Step 5: The Brain Identifies the Smell

Unlike vision or hearing, smell signals reach the brain’s cortex without first passing through the thalamus, the relay station most other senses use. This more direct route is one reason smells can feel so immediate and visceral.

The olfactory bulb sends signals to at least nine distinct brain regions collectively known as the olfactory cortex. The piriform cortex is considered the primary site where odor identity is assembled. Rather than mapping smells spatially the way the visual cortex maps images, the piriform cortex appears to recognize odors based on the overall pattern of input, somewhat like recognizing a face from its combination of features rather than any single trait.

Two other destinations are especially important. The amygdala, a region central to emotional processing, receives strong direct input from olfactory areas.
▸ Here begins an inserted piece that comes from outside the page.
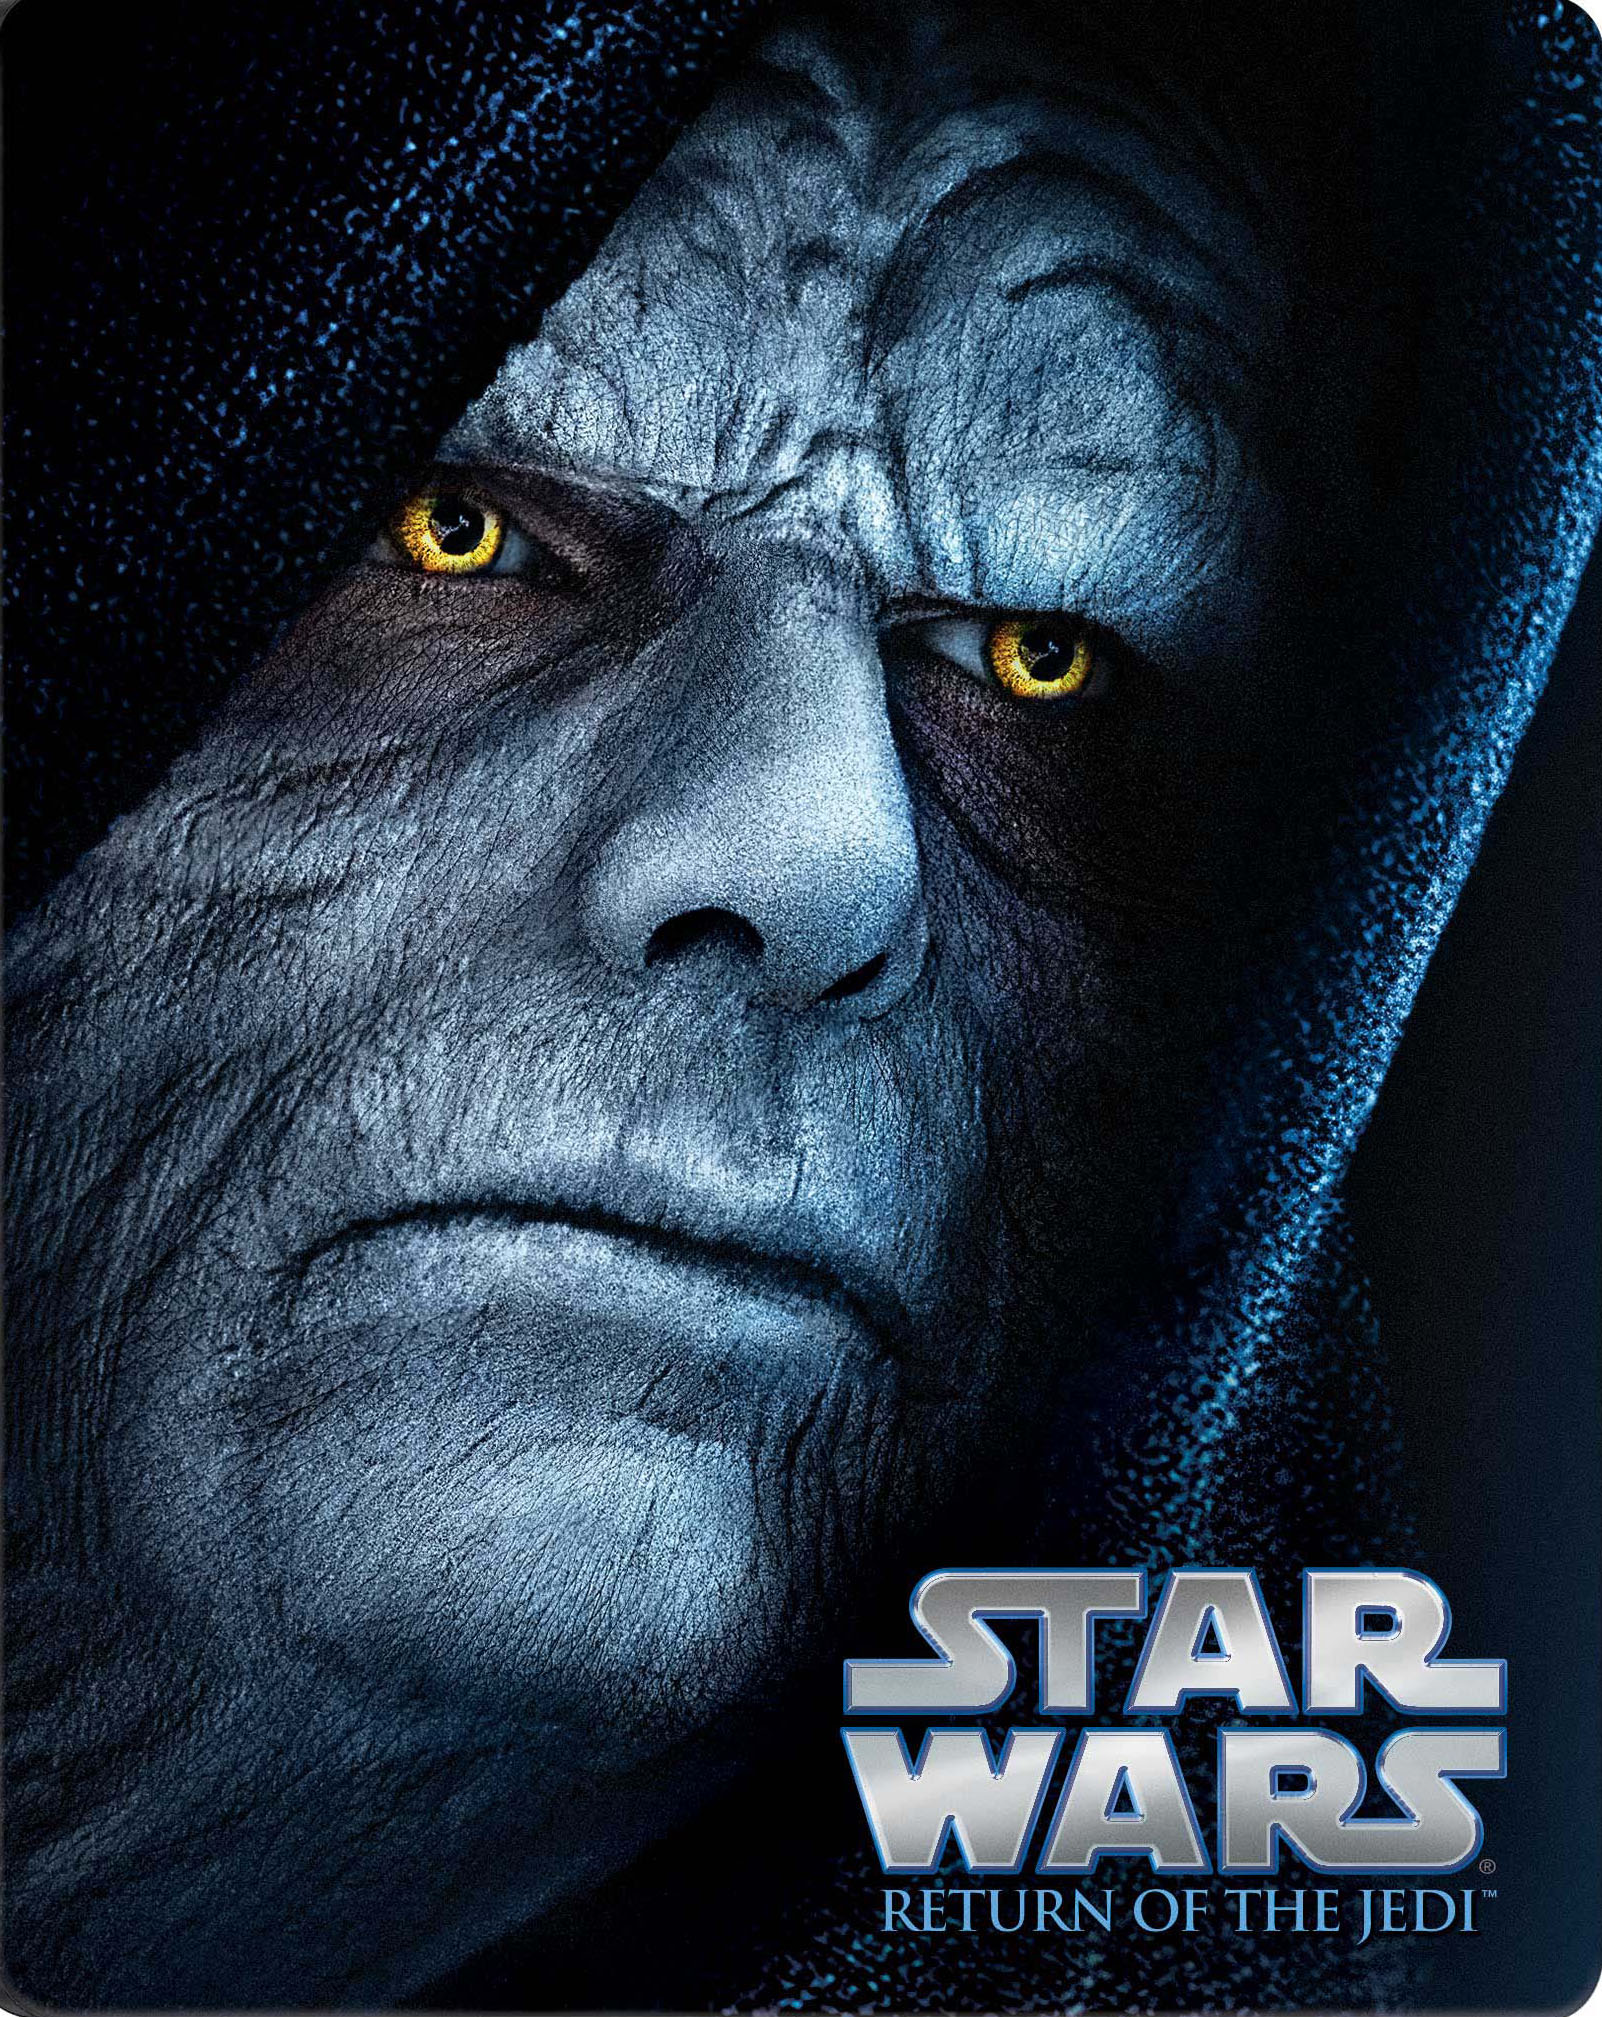  Star Wars Episode VI: Return of the Jedi [Blu-ray] [2020]  [Region Free] : Movies & TV
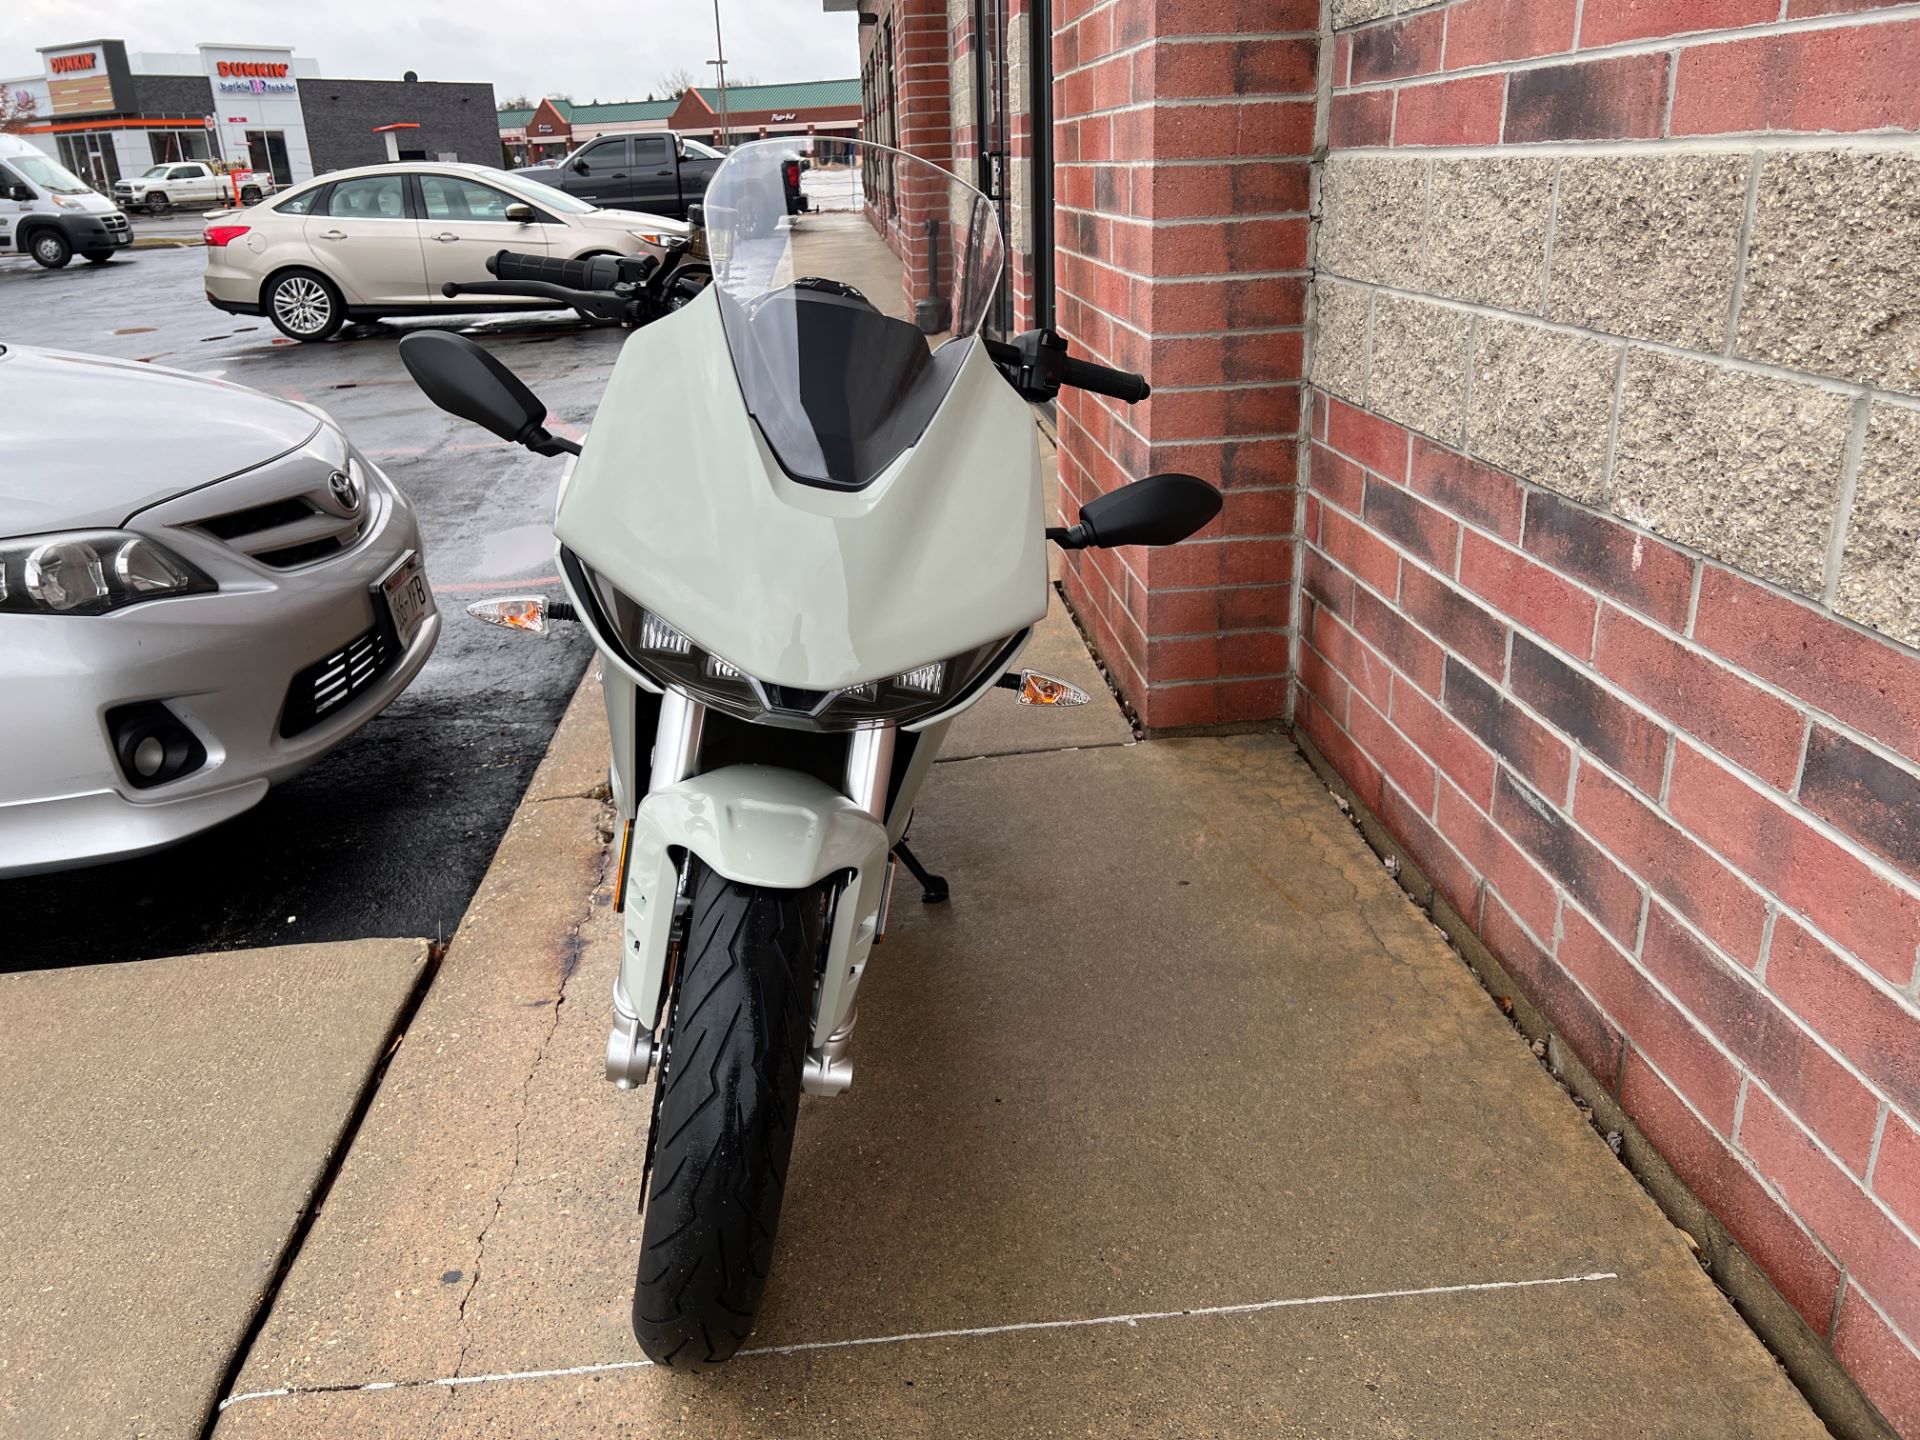 2022 Zero Motorcycles SR/S NA ZF15.6 Premium in Muskego, Wisconsin - Photo 3

This connection is the likely reason certain smells can instantly trigger feelings of comfort, disgust, or fear. Meanwhile, a region called the lateral entorhinal cortex sits between the olfactory system and the hippocampus, the brain’s memory center. It acts as a gateway, funneling smell information into the circuits that form and retrieve memories. This is why a whiff of sunscreen can transport you back to a childhood beach trip with startling clarity.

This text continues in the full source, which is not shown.